Re: Downsides to madvise/fadvise(willneed) for application startup

From: Taras Glek
Date: Thu Apr 15 2010 - 20:41:56 EST


On 04/15/2010 03:53 PM, Andrew Morton wrote:
On Mon, 05 Apr 2010 15:43:02 -0700
Taras Glek<tglek@xxxxxxxxxxx> wrote:

To make matters worse,
the compile-time linker + gcc lay out code in a manner that does not
correspond to how the resulting executable will be executed(ie the
layout is basically random).
Yes, the linker scrambles the executable's block ordering.
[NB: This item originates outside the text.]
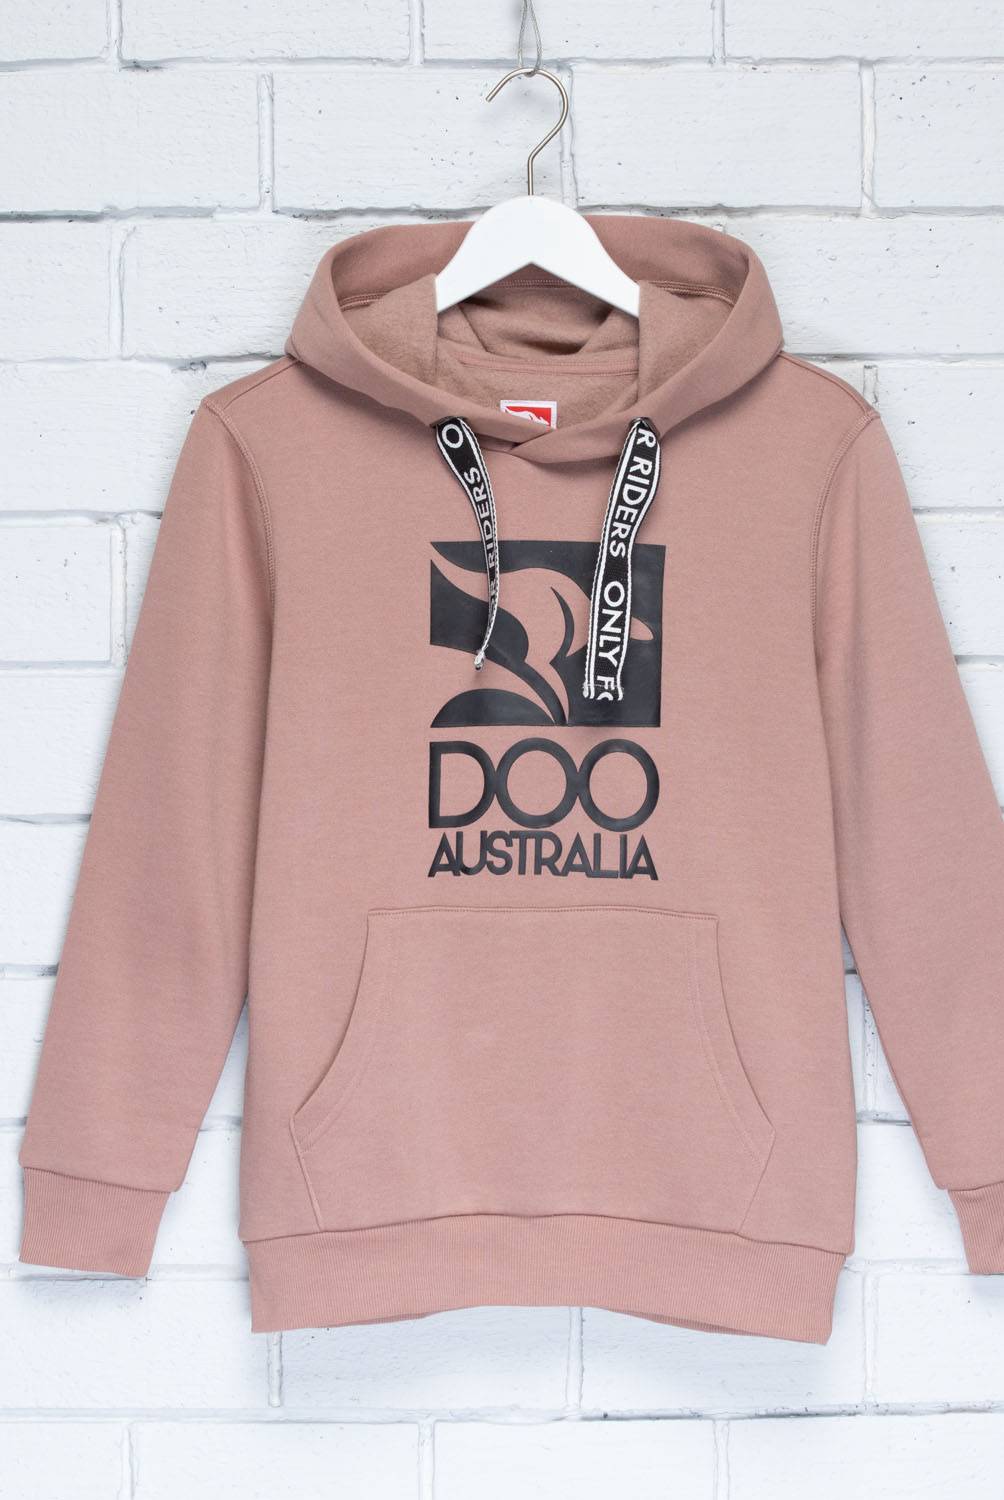 DOO AUSTRALIA - Polera con Capucha Algodón Niño Doo Australia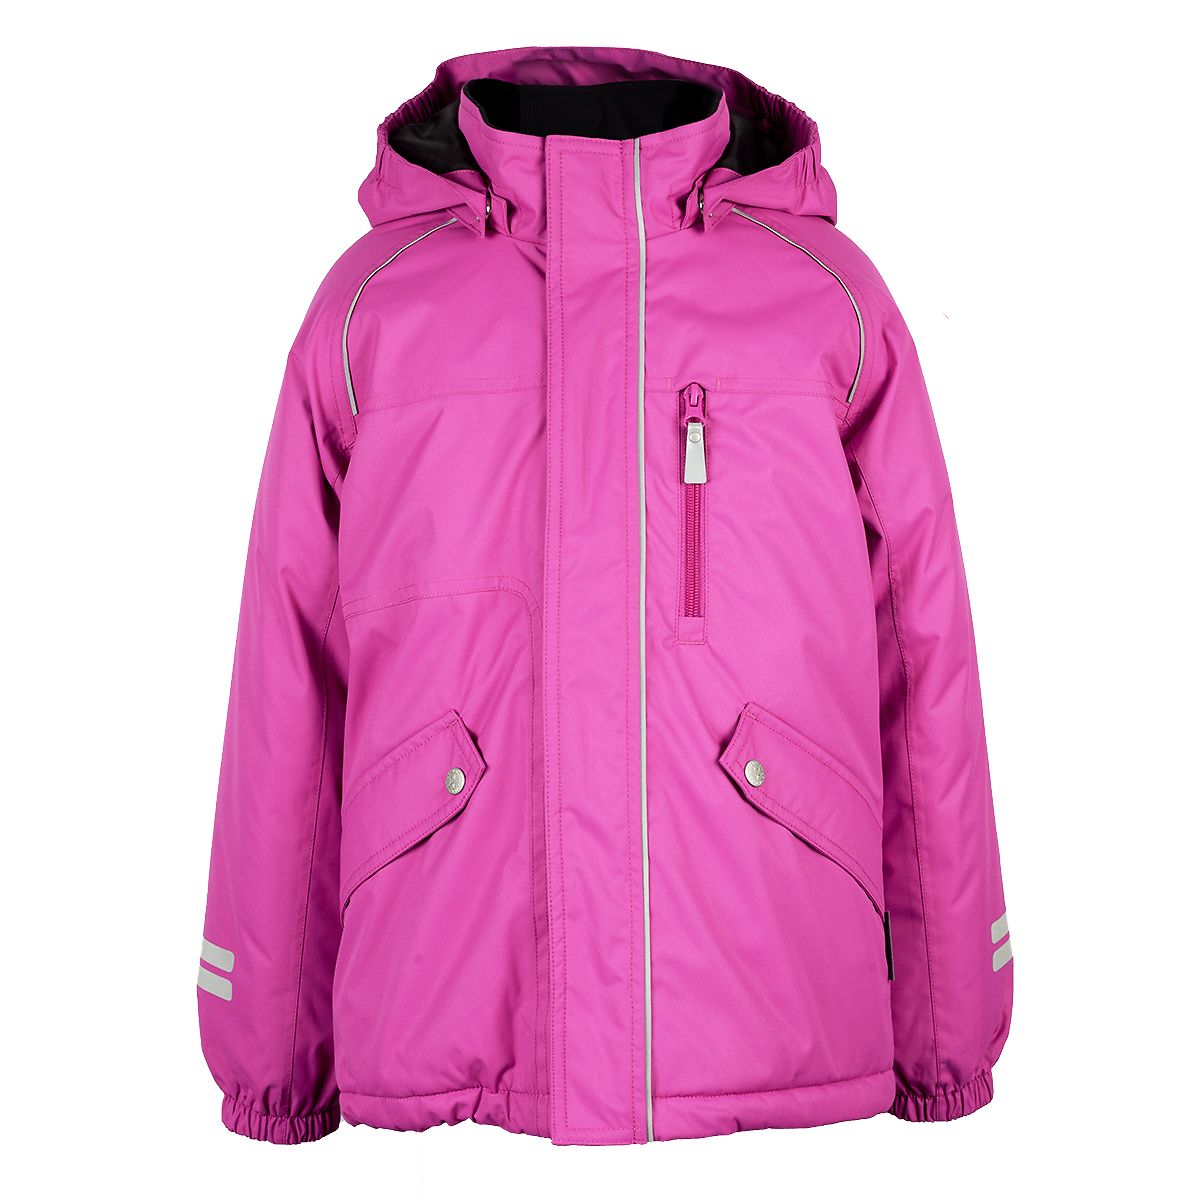 Tähti Jonathan winter jacket, pink (110-140 cm)

This just isn't an interesting case. World-wide, the number of people
who compile their own web browser and execute it from the file which ld
produced is, umm, seven.
I'm sorry that you don't find this interesting. I did not suggest that people compile their own browser to get a perfect layout. This is something that Mozilla can do when preparing builds and it's also something distributions can do. It just so happens that large parts of startup will be very similar for every single firefox install, might as well layout the binary accordingly.
So I'd suggest that you always copy the executable to a temp file and
mv it back before running any timing tests.
You mean to get it into a cache or to hope to avoid fragmentation? If you are suggesting this to avoid measuring the startup overhead of paging the binary in, I strongly disagee. It is the slowest part of firefox startup and needs to be addressed.